Let’s say we want our EfficientZero-7 to output good alignmentforum blog posts. We have plenty of training data, in terms of the finished product, but we don’t have training data in terms of the “figuring out what to write” part. That part happens in the person’s head.
(Suppose the test data is a post containing Insight X. If we’re training a network to output that post, the network updates can lead to the ability to figure out Insight X, or can lead the network to already know Insight X. Evidence from GPT-3 suggests that the latter is what would actually happen, IMO.)
So then maybe you’ll say: Someone will get the AGI safety researcher to write an alignmentforum blog post while wearing a Kernel Flux brain-scanner helmet, and make EfficientZero-7 build a model from that. But I’m skeptical that the brain-scan data would sufficiently constrain the model so that it would learn how to “figure things out”. Brain scans are too low-resolution, too noisy, and/or too incomplete. I think they would miss pretty much all the important aspects of “figuring things out”.

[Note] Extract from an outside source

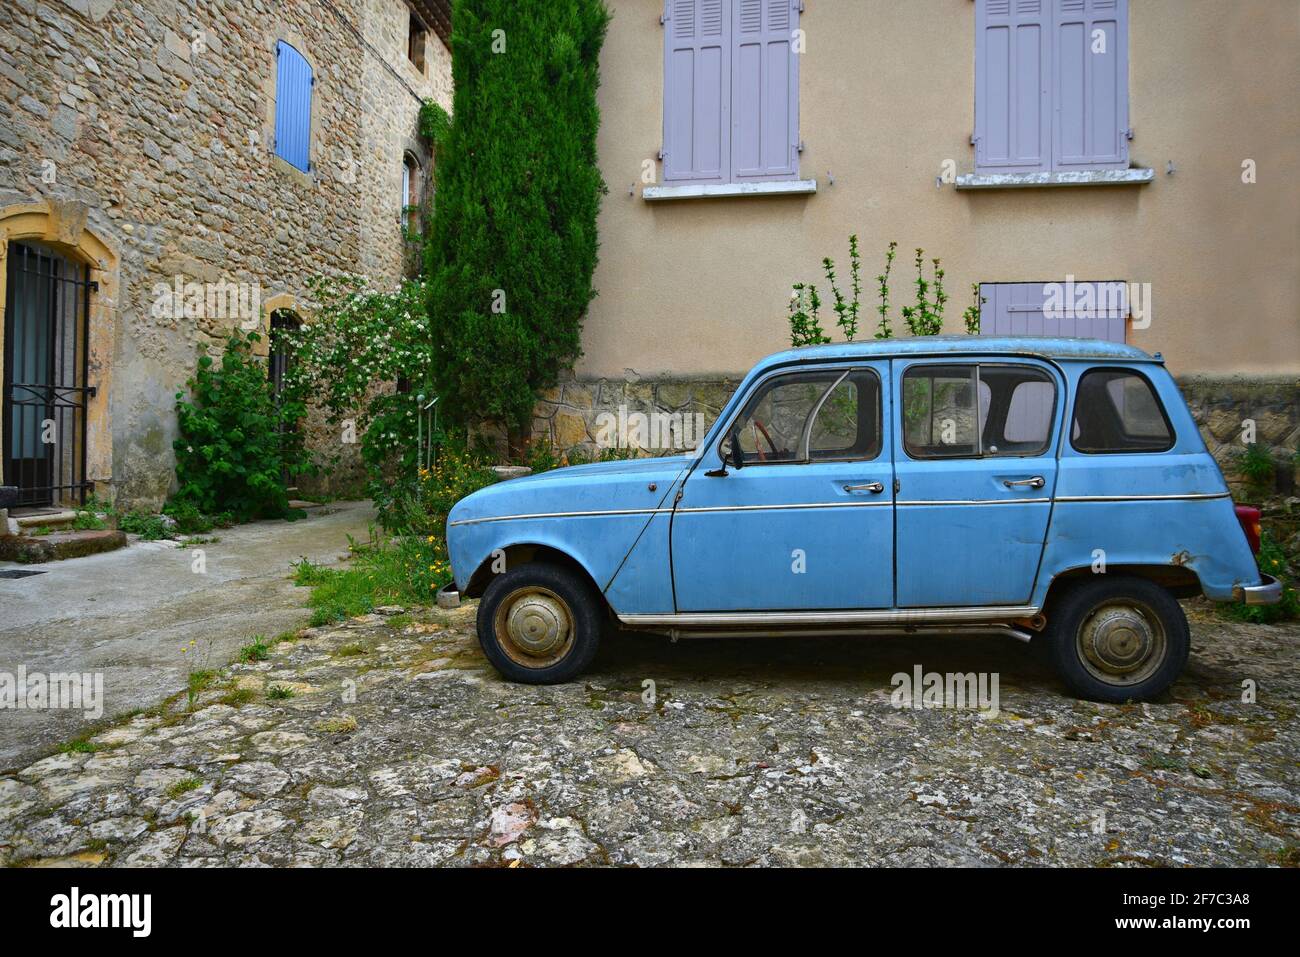 Provençal style house with an antique Renault on the foreground in the picturesque village of Grambois, Provence-Alpes-Côte d'Azur, Vaucluse, France. Stock Photo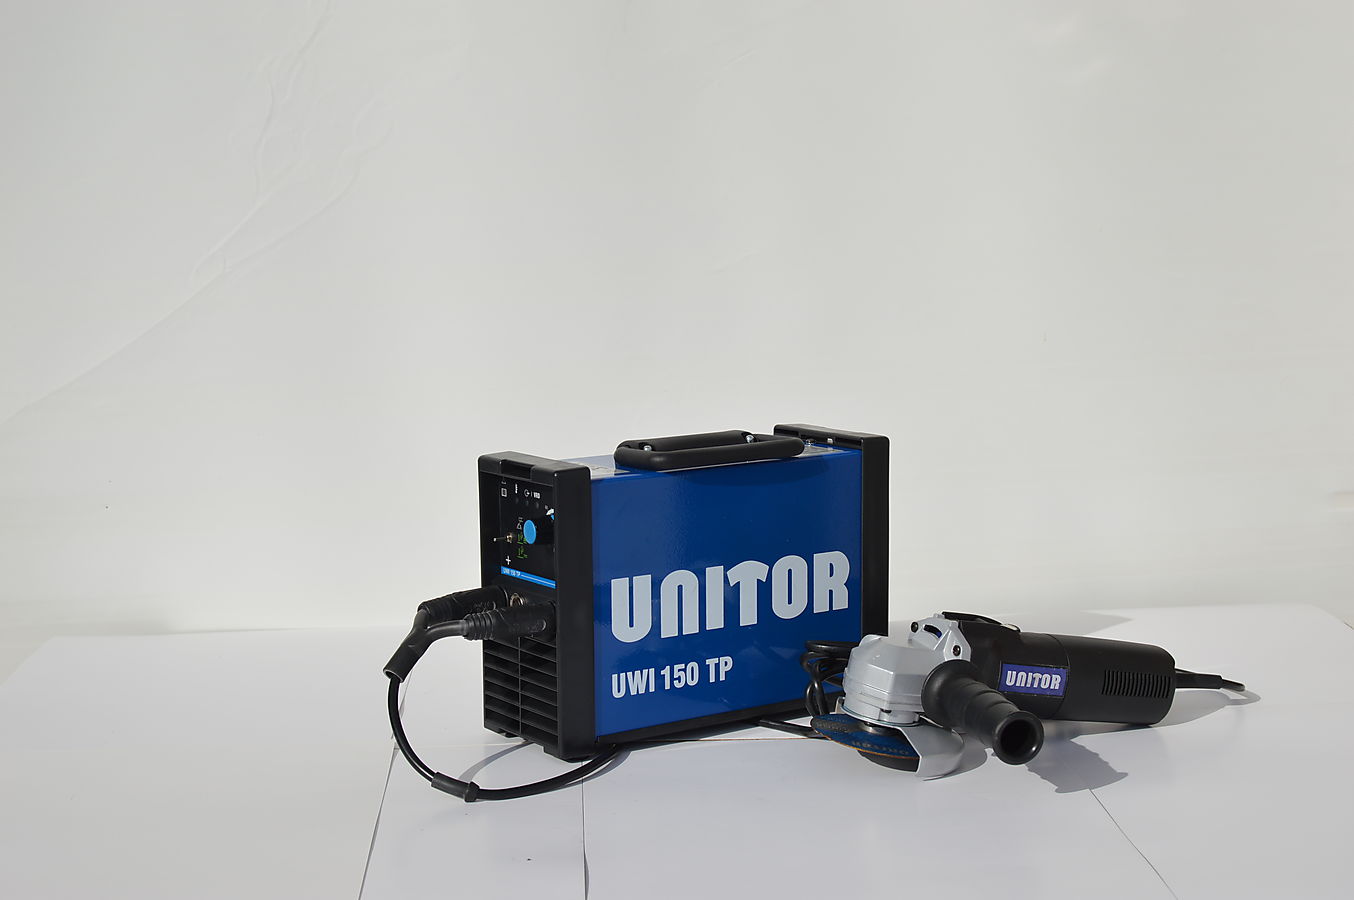 Safety Checks Every Welder Should Perform on a Daily Basis safe use of welding machine

I think if we had a sufficiently good operationalization of “figuring things out” to train EfficientZero-7, we could just use that to build a “figuring things out” AGI directly instead.
That’s my guess anyway.
Then maybe your response would be: Writing alignmentforum blog posts is a bad example. Instead let’s build silicon-eating nanobots. We can run a slow expensive molecular-dynamics simulation running on a supercomputer, and we can have EfficientZero-7 query it, watch it, build its own “mental model” of what happens in a molecular simulation, and recapitulate that model on cheaper faster GPUs. And we can put in some kind of score that’s maximized when you query the model with the precursors to a silicon-eating nanobot.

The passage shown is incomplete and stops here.